日本地球惑星科学連合2024年大会

講演情報

[E] ポスター発表

セッション記号 H (地球人間圏科学) » H-TT 計測技術・研究手法

[H-TT15] Geographic Information Systems and Cartography

2024年5月29日(水) 17:15 〜 18:45 ポスター会場 (幕張メッセ国際展示場 6ホール)

コンビーナ:小口 高(東京大学空間情報科学研究センター)、Liou Yuei-An(National Central University)、王 汝慈(千葉大学環境リモートセンシング研究センター)、田中 雅大(東京大学大学院総合文化研究科)

17:15 〜 18:45

[HTT15-P02] Assessment of Earthquake-Induced Landslide Risks in the Greater Tokyo Area, Japan, Using Transfer Learning

*叶 宸佐1、唐 玉亭2小口 高3 (1.東京大学大学院 新領域創成科学研究科 自然環境学専攻、2.東京大学大学院 新領域創成科学研究科 複雑理工学専攻、3.東京大学空間情報科学研究センター)
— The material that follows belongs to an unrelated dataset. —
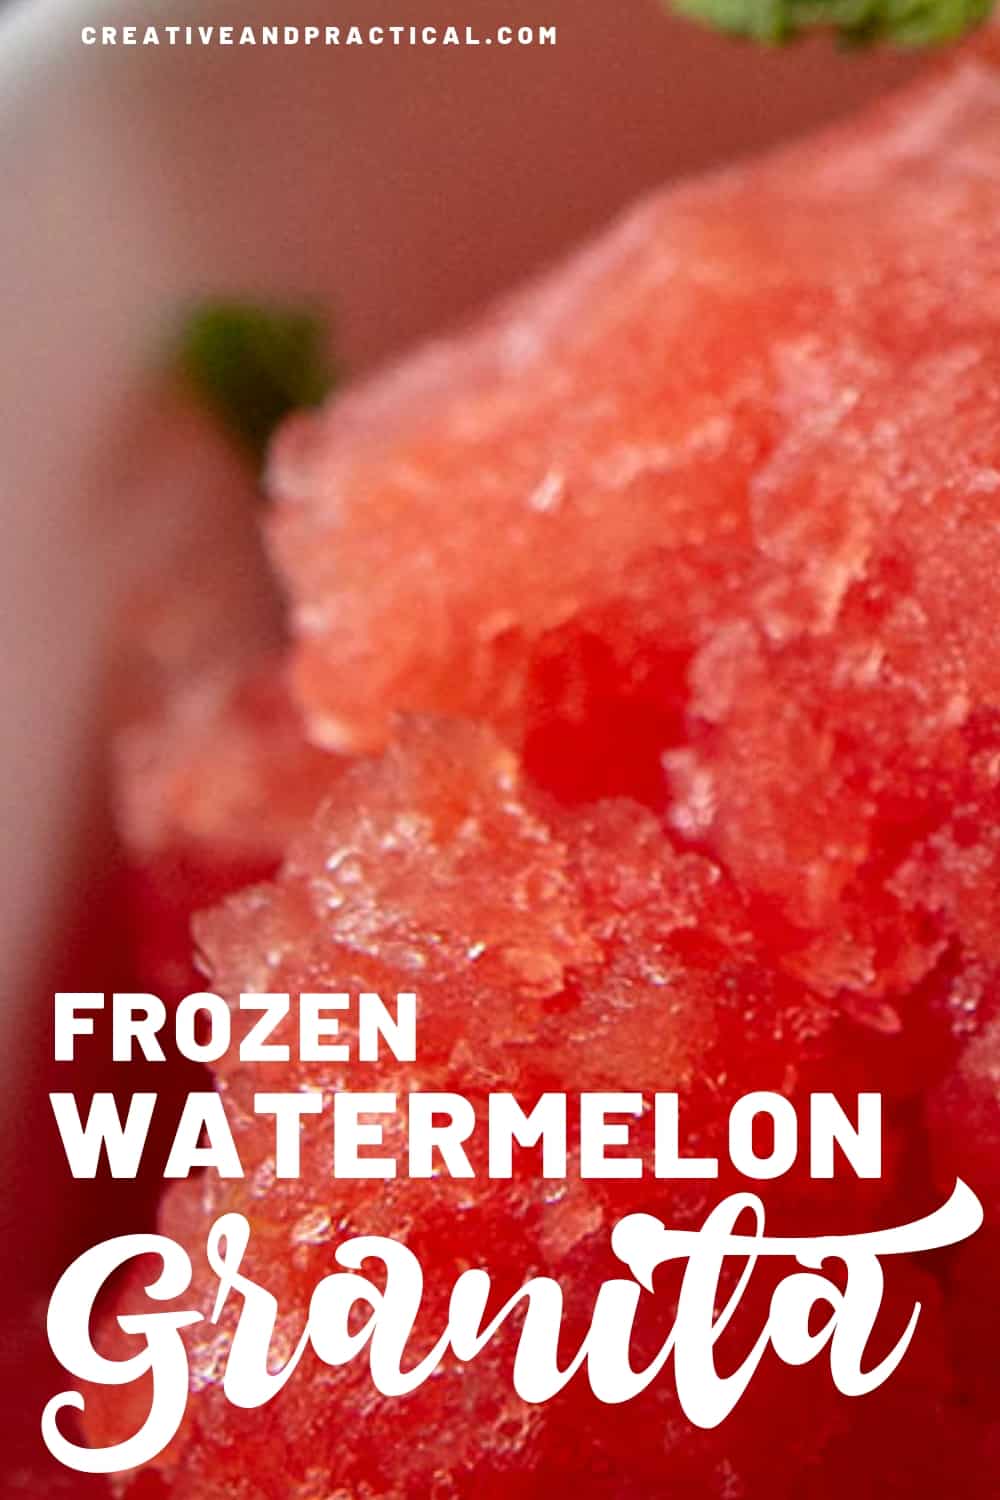 You'll only need 3 ingredients to make this easy, frozen summer treat.  Watermelon Granita is a super refreshing frozen dessert. Perfect for hot summer days. PS: You don't even need an ice cream maker. #granita #watermelongranita #watermelon #lemon #frozendesssert #dessert #sorbet #italiandessert | cheerfulcook.com via @cheerfulcook

キーワード:地震誘発型斜面崩壊と地すべりリスク評価、転移学習、地震斜面崩壊と地すべり感受性、地理情報システム

This study proposes an innovative approach for predicting earthquake-induced landslides in the Greater Tokyo Area, utilizing advanced transfer learning techniques. Given the area’s vulnerability to seismic activities, the research aims to enhance landslide predictive models using rich datasets from significant earthquakes. The methodology centers on a pre-trained Multilayer Perceptron (MLP) model, initially developed with extensive data from the Nepal earthquake in April 2015. This model is notable for its high accuracy and robust performance. To validate the effectiveness of this approach, the study employs landslide data from the 2008 Wenchuan earthquake in China and compares it with the Nepal earthquake data. By creating a seismic landslide susceptibility dataset for both earthquakes, the research adapts the well-trained MLP model to the unique environmental and seismic conditions of the Greater Tokyo Area using transfer learning principles. The outcome is a predictive framework specifically tailored for the area, aiming to enhance the identification of areas at high risk of seismic landslides and support targeted disaster prevention and mitigation strategies.
This research demonstrates the potential of transfer learning in bridging data gaps and adapting models across regions with diverse seismic histories. It offers a scalable and efficient solution for assessing landslide risks in earthquake-prone areas, particularly relevant to risk management. The validation process illustrates that transfer learning can significantly streamline model training, maintaining a minimal decrease in accuracy compared to building models from scratch. This highlights the adaptability of transfer learning in geoscience and its promising application in global disaster risk management frameworks.